Pearl Bailey, a Southern preacher's daughter who became a top performer best known for her throaty rendition of "Hello Dolly," died Friday at Thomas Jefferson University Hospital. She was 72.
The singer, dancer, humorist and homespun philosopher - Pearlie Mae to friends - had suffered a recurring heart condition since the early 1960s."Singing does bring out the soreness," she once said. "But when I get on the floor, baby, you know nothing hurts."
Last month the singer underwent surgery to replace her arthritic left knee with a metal and plastic joint.
Bailey, who has been performing 57 of her 72 years, is one of the few entertainers who could still be called a trouper in the classic sense.
Born in Newport News, Va., as a young girl she moved with family members to Washington and then Philadelphia, where she made her debut at age 15, winning an amateur contest by singing "Poor Butterfly."
Perhaps best-known for playing Dolly in the black version of the musical "Hello, Dolly!" in the late 1960s, she also enjoyed a long film career, with her movies including "Carmen Jones" and "Porgy and Bess."
In 1968, she received a special Tony award for her role in "Hello, Dolly!" But Bailey considered herself foremost a singer.
Her standbys included "Bill Bailey, Won't You Please Come Home," "St. Louis Blues," "Row, Row, Row," and "That's Good Enough for Me."
She also served as a delegate to the United Nations under the Reagan administration.
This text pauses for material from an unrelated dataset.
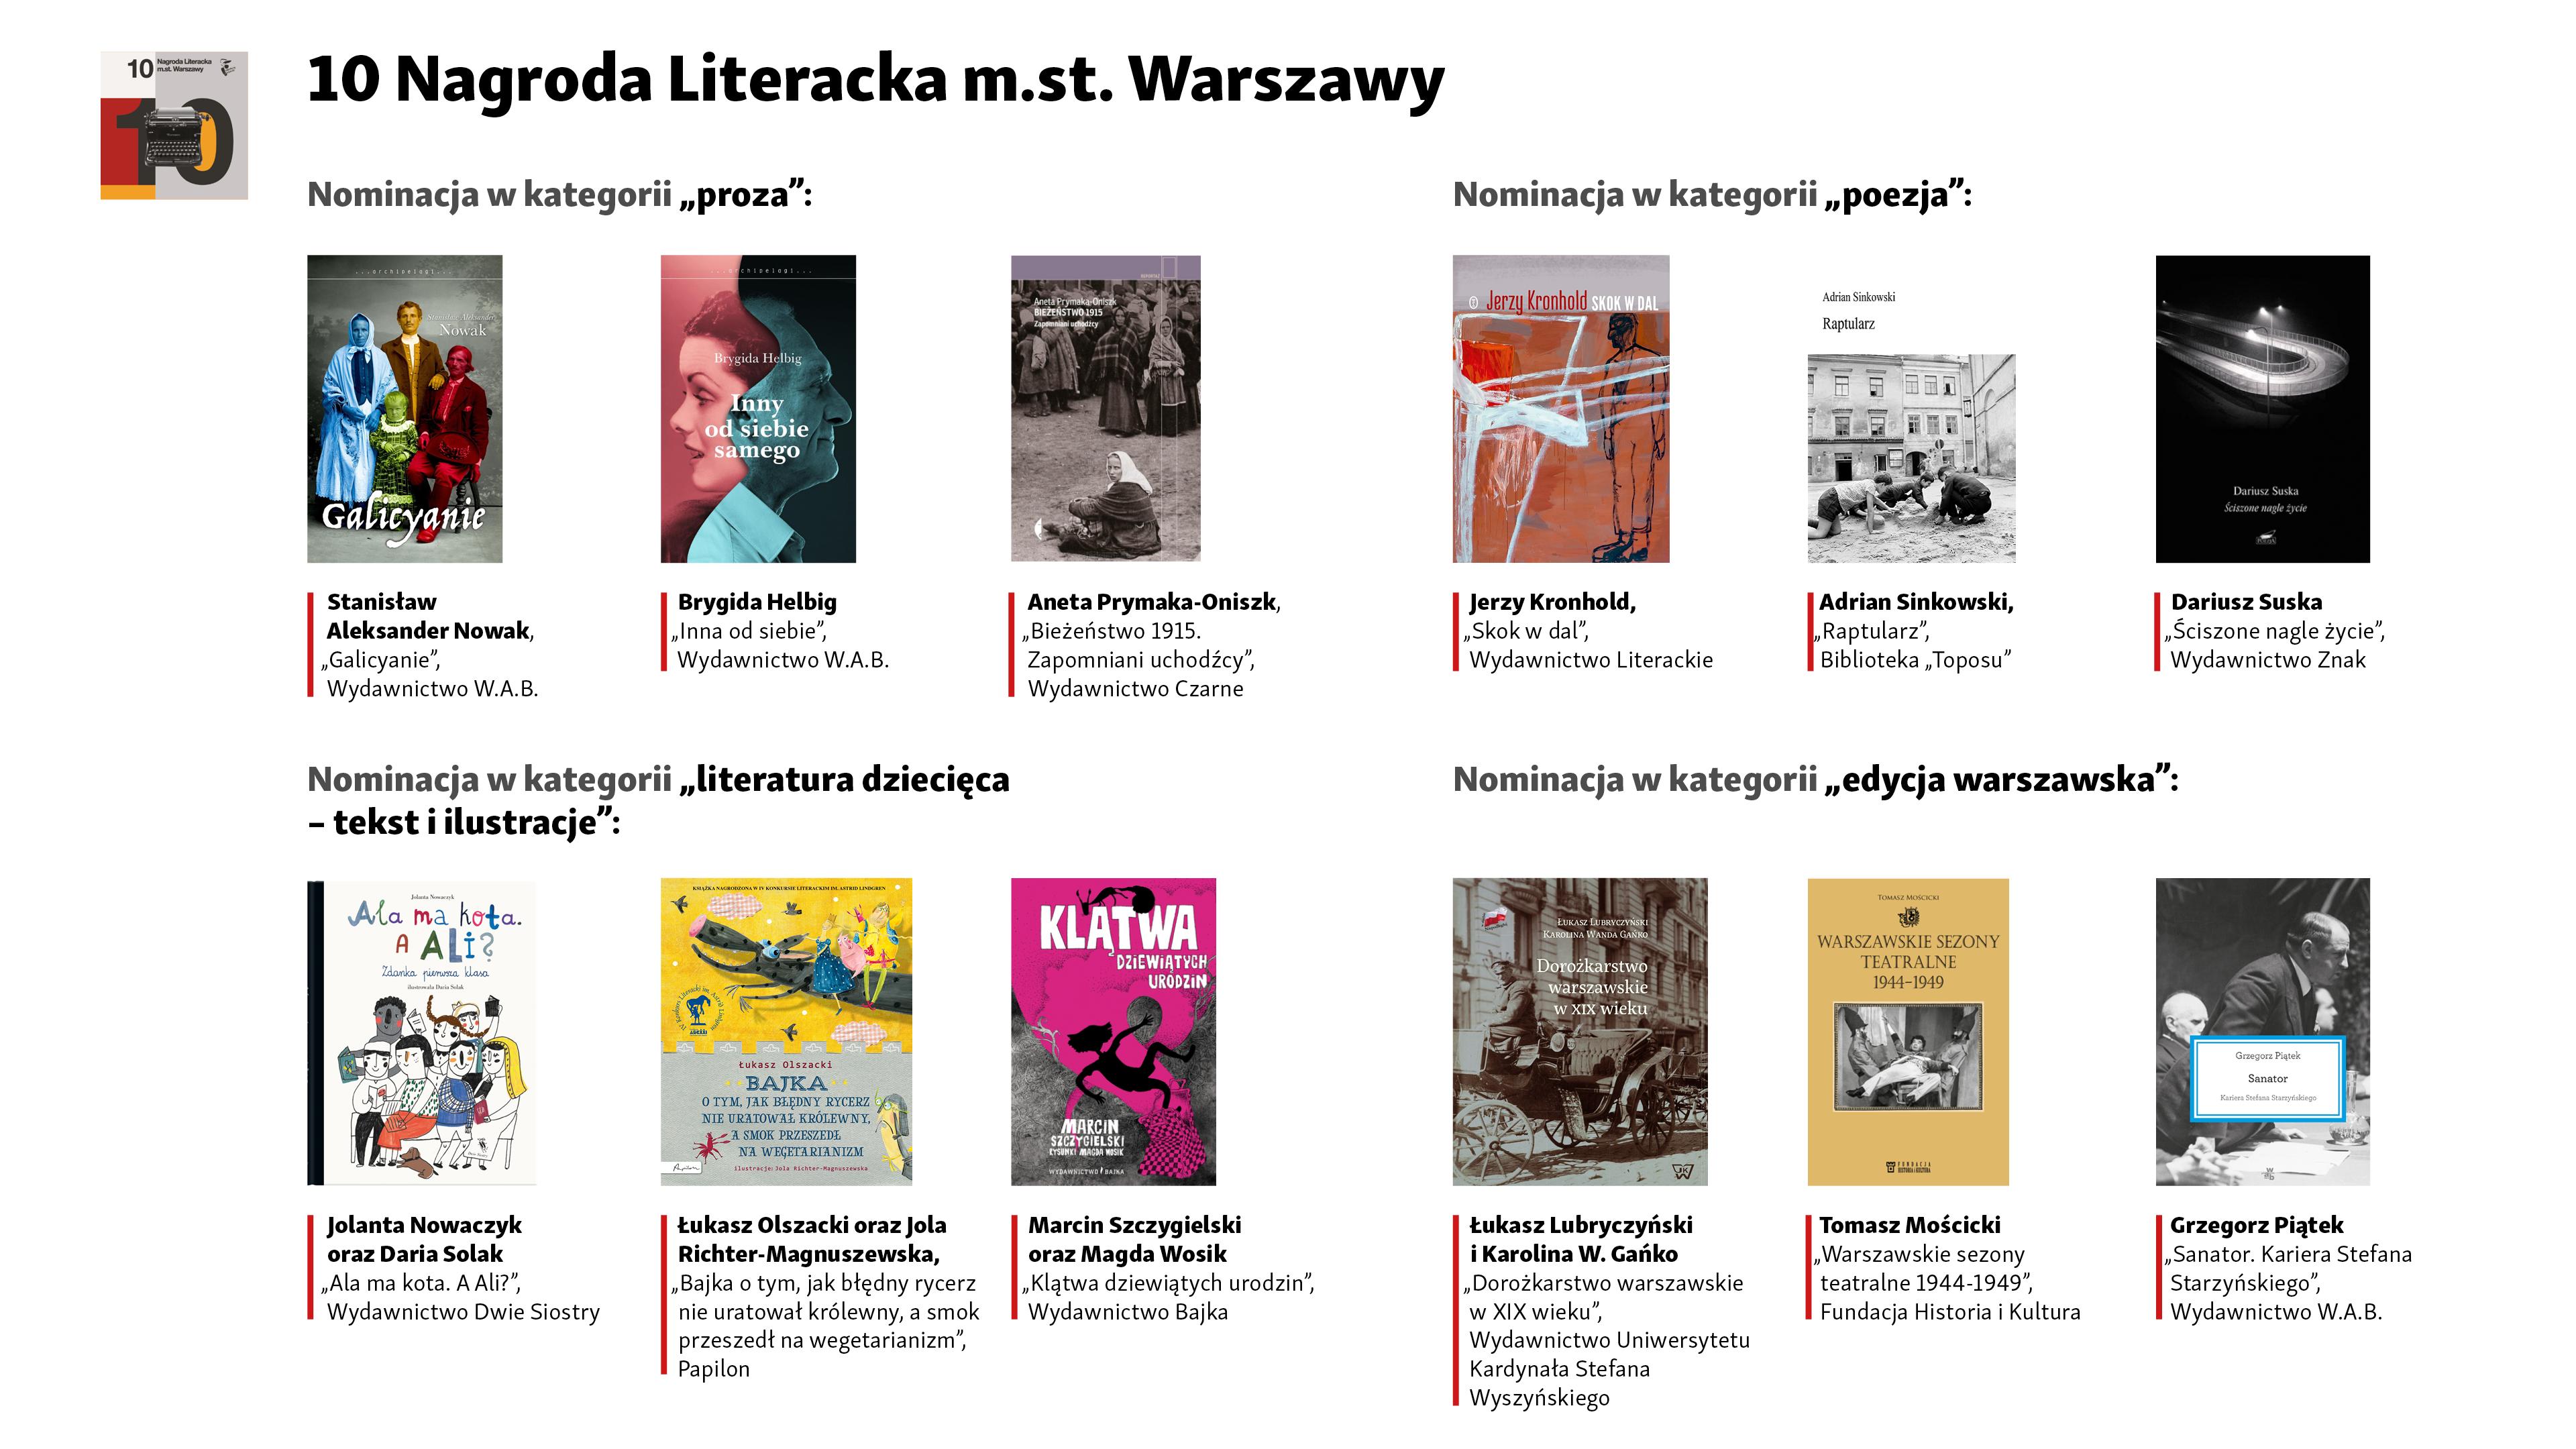 10. Nagroda Literacka m.st. Warszawy

Miss Bailey did her first show for U.S. servicemen in 1941 and had been a staple performer of the United Service Organizations - better known as the USO - since then.
She wrote humorous and inspirational books, including "Hurry Up" and "America & Spit." Last year she published an autobiography, "Between You and Me."
Flipping a feather boa or swathed in chinchilla, ablaze with rhinestones and jewels, Miss Bailey was famous onstage for her throwaway style of singing, a mumbling growl laced with husky patter.
"I'm not a comedienne," she once told an interviewer, "I call myself a humorist. I tell stories to music and, thank God, in tune. I laugh at people who call me an actress."
She attributed her talent to God.
"People say, `Pearl, what style do you have?' I say it's God, not style."
At a Washington, D.C., performance of "Hello, Dolly!" she was joined onstage by then-President Lyndon Johnson and his wife.
And in 1970, President Richard Nixon named her America's "ambassador of love" to the world.